Dataset section |
Start of Block
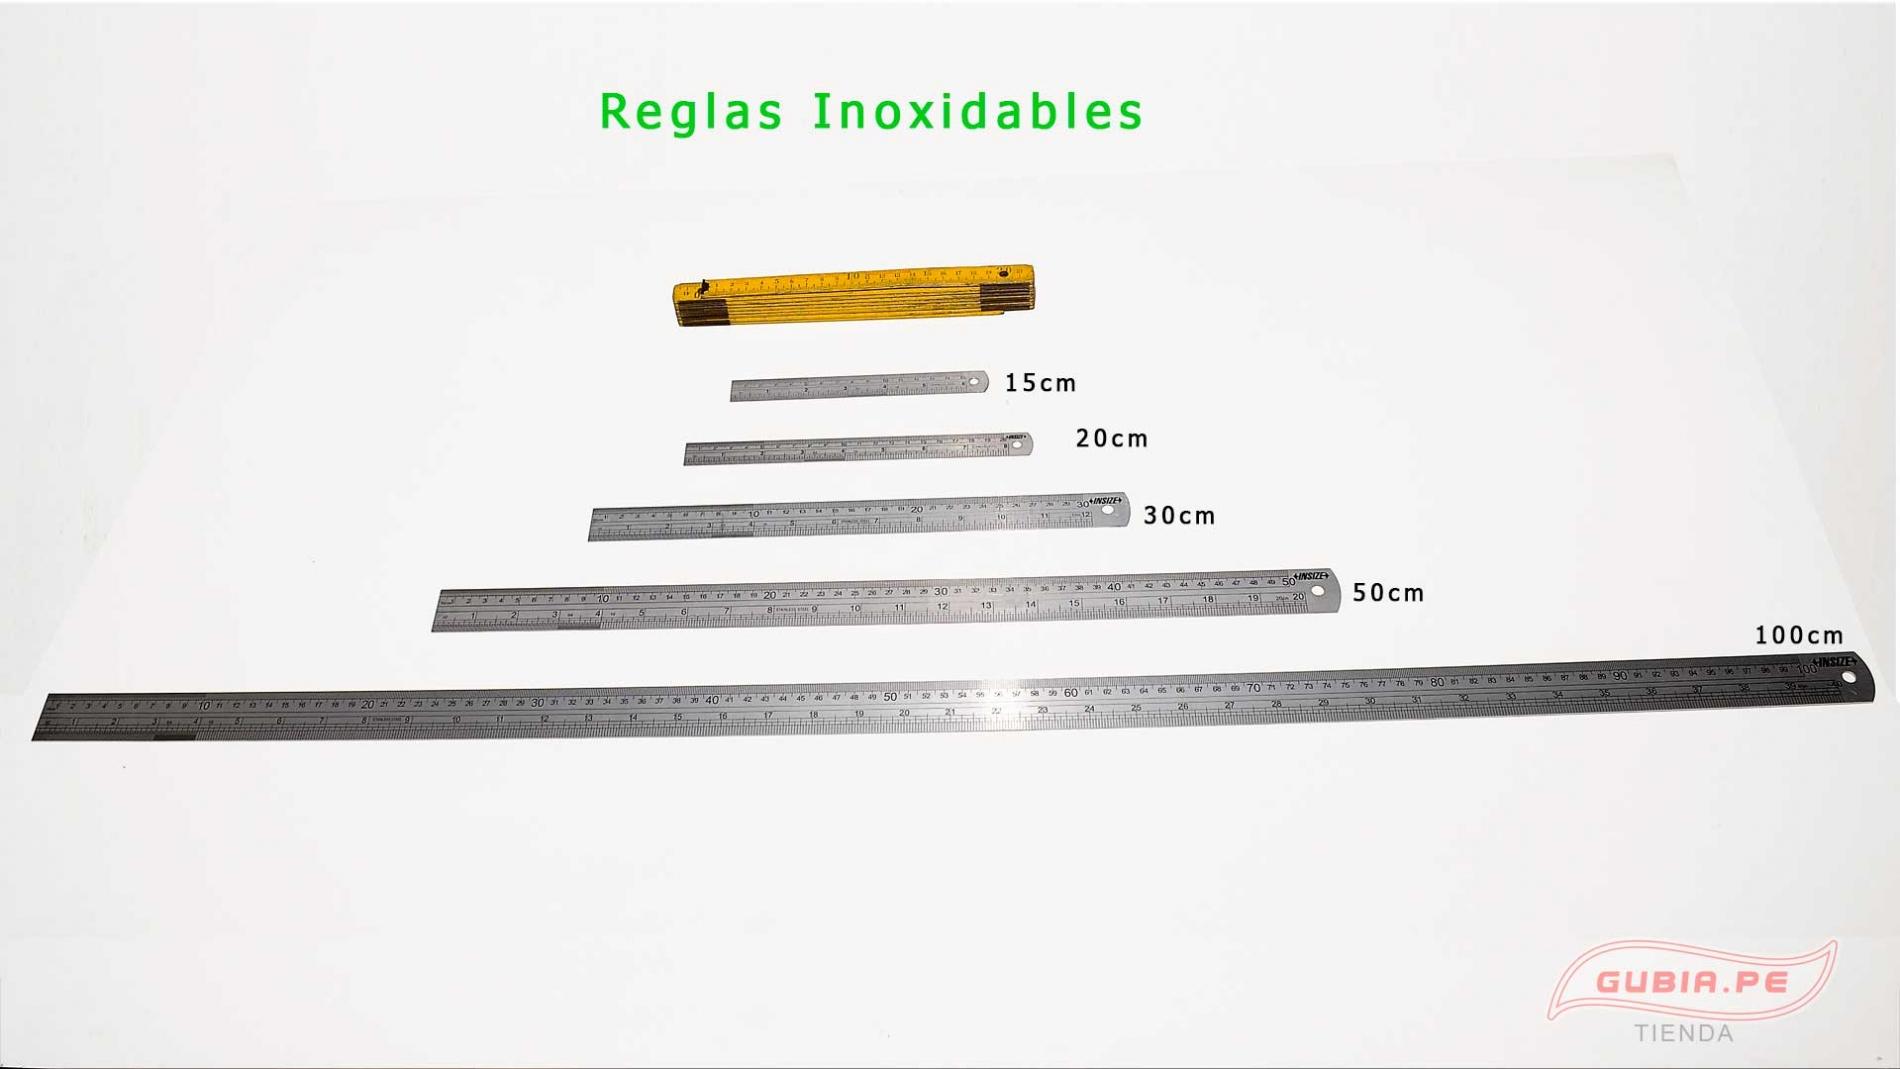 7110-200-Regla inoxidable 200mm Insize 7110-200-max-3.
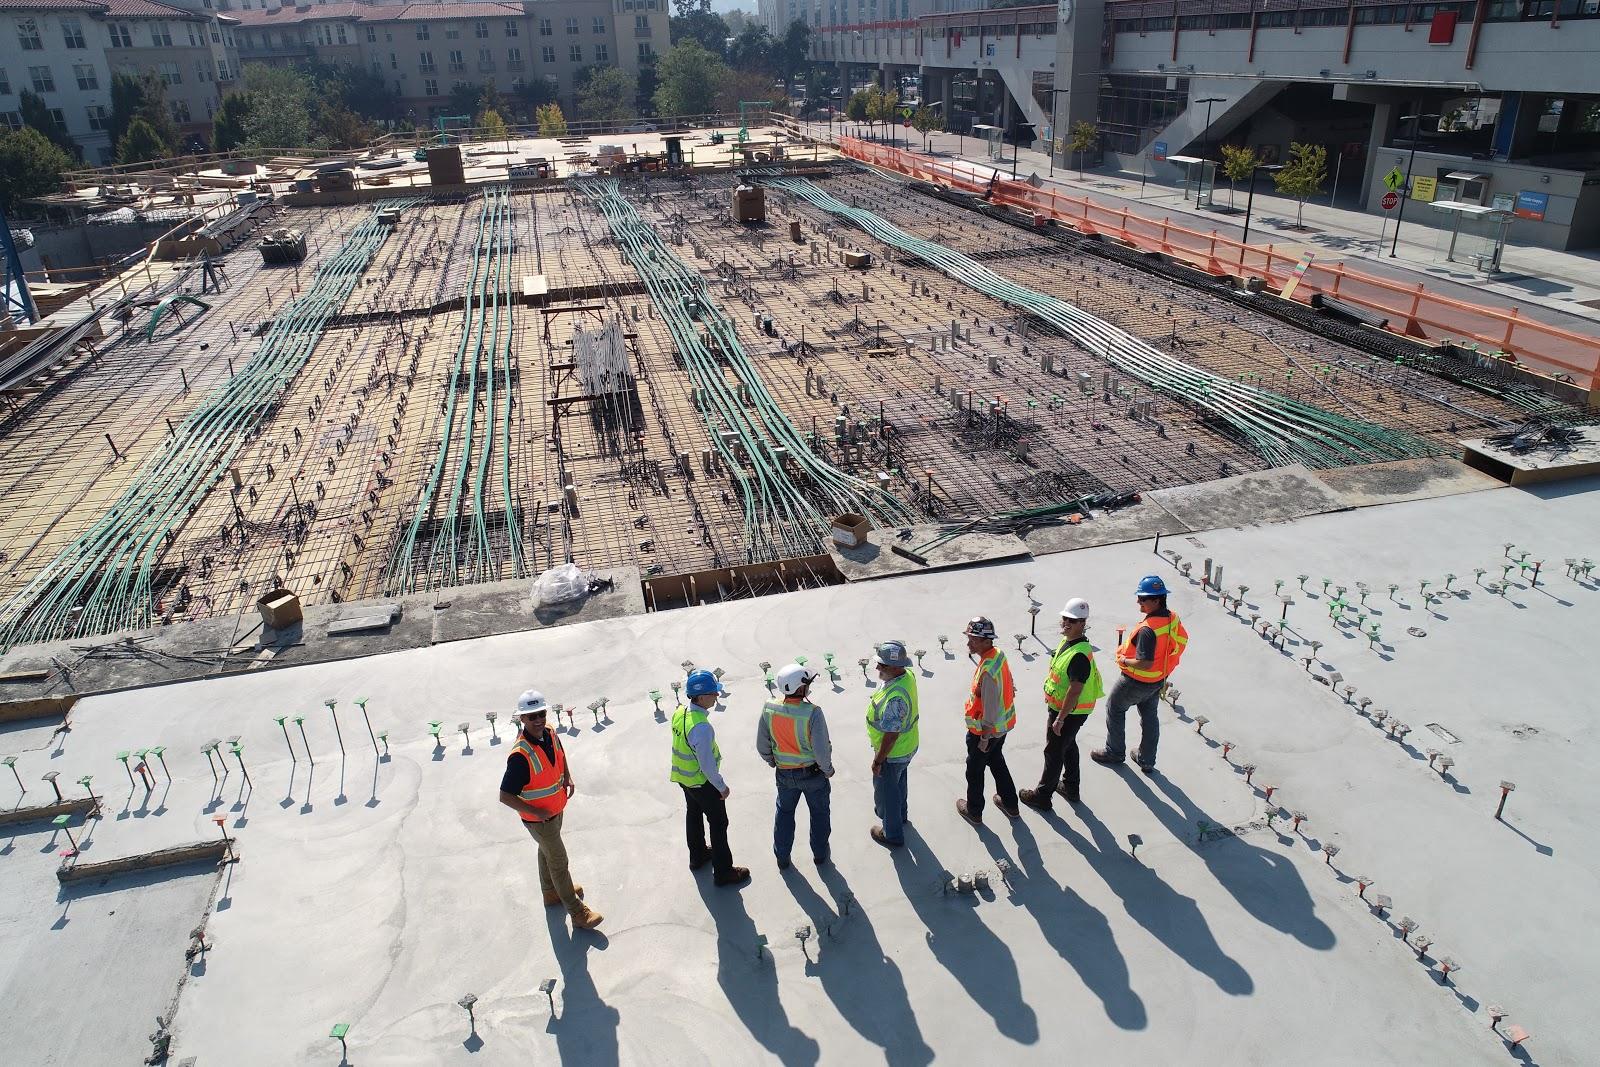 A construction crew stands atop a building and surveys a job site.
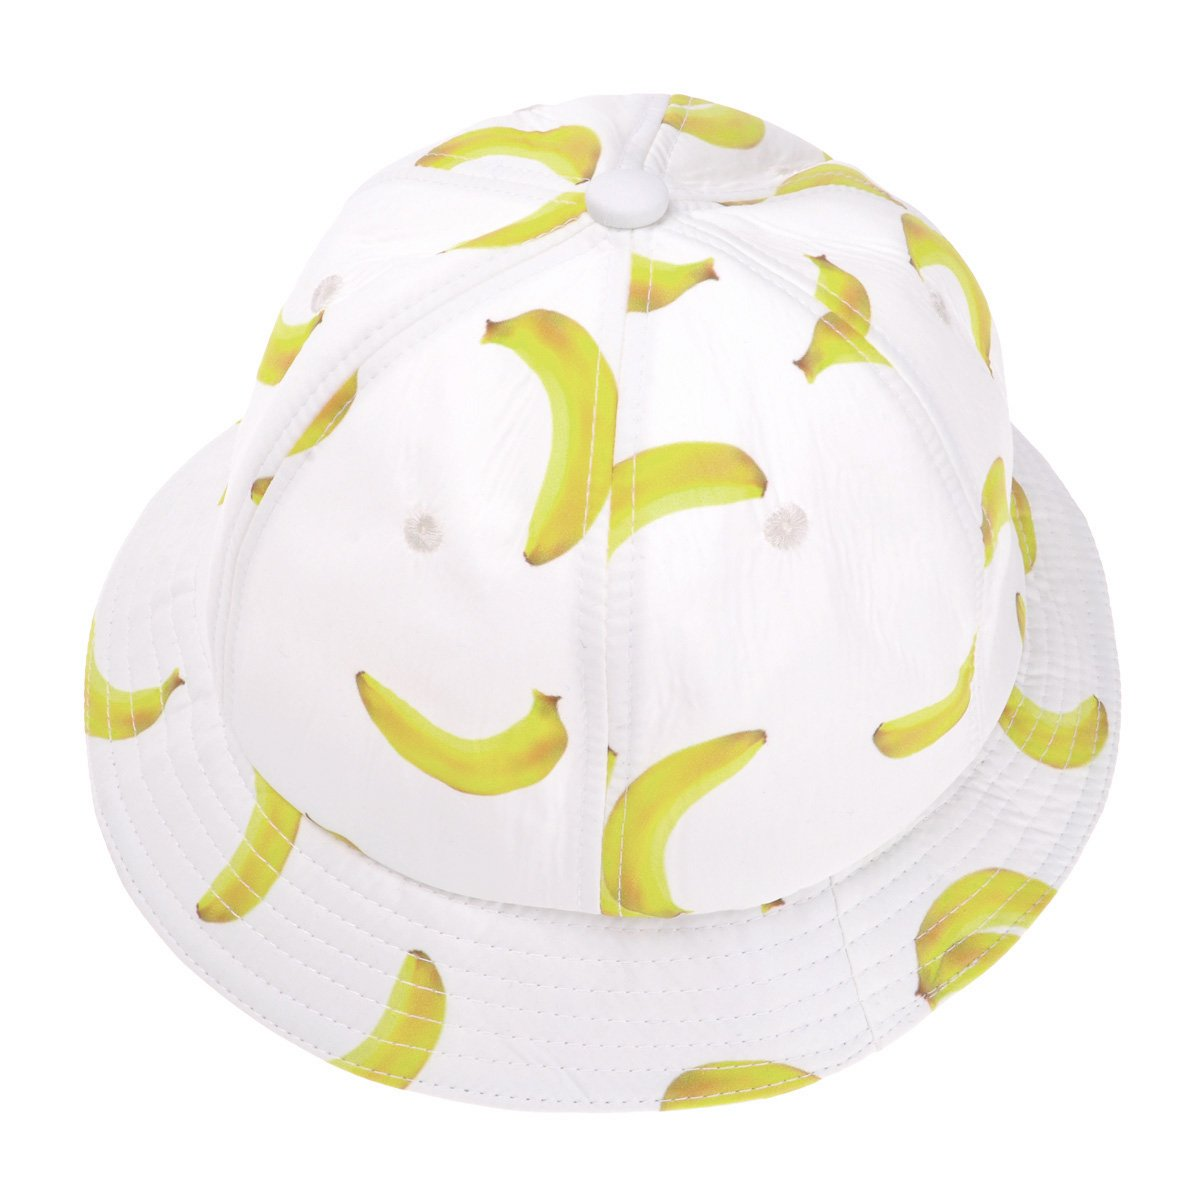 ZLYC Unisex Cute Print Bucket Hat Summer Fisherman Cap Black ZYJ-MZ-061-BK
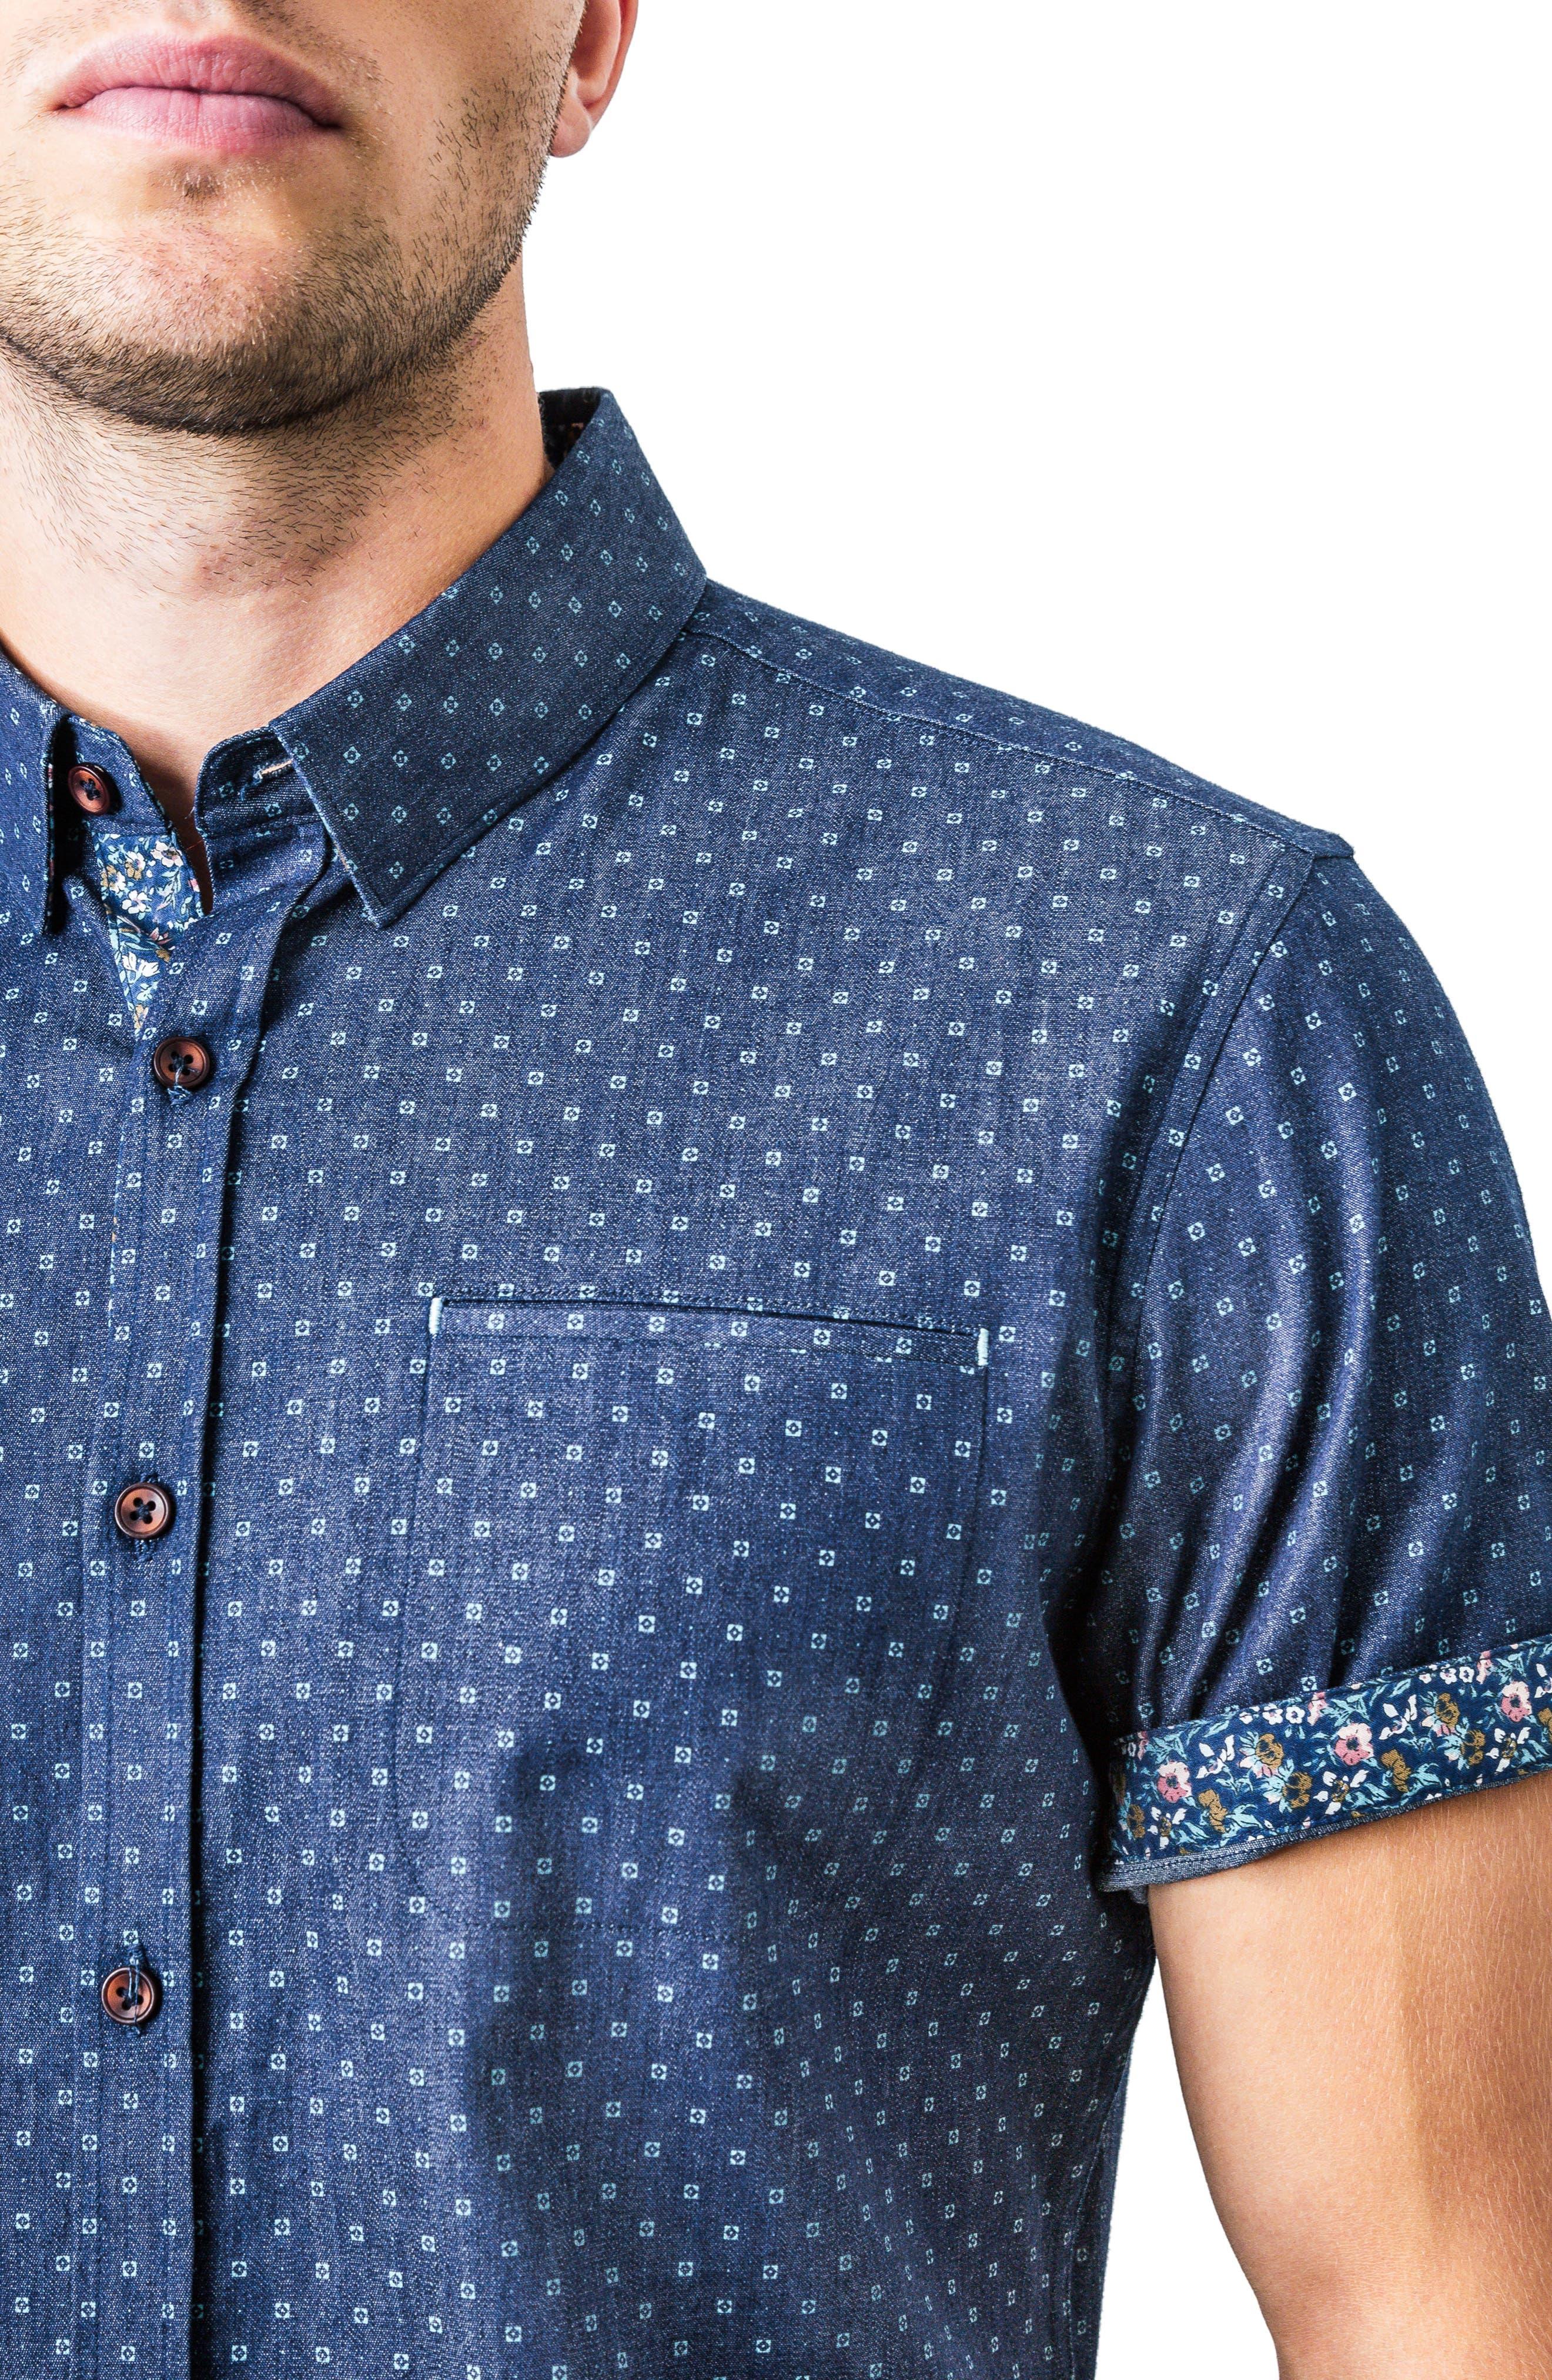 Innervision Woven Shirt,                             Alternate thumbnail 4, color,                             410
End of Block
Try it |
Beginning with the line that includes "ZLYC Unisex Cute" and ending with the last line of the material, reproduce those lines exactly and nothing else, with no pictures.

Solution to this problem |
 ZLYC Unisex Cute Print Bucket Hat Summer Fisherman Cap Black ZYJ-MZ-061-BK
 Innervision Woven Shirt,                             Alternate thumbnail 4, color,                             410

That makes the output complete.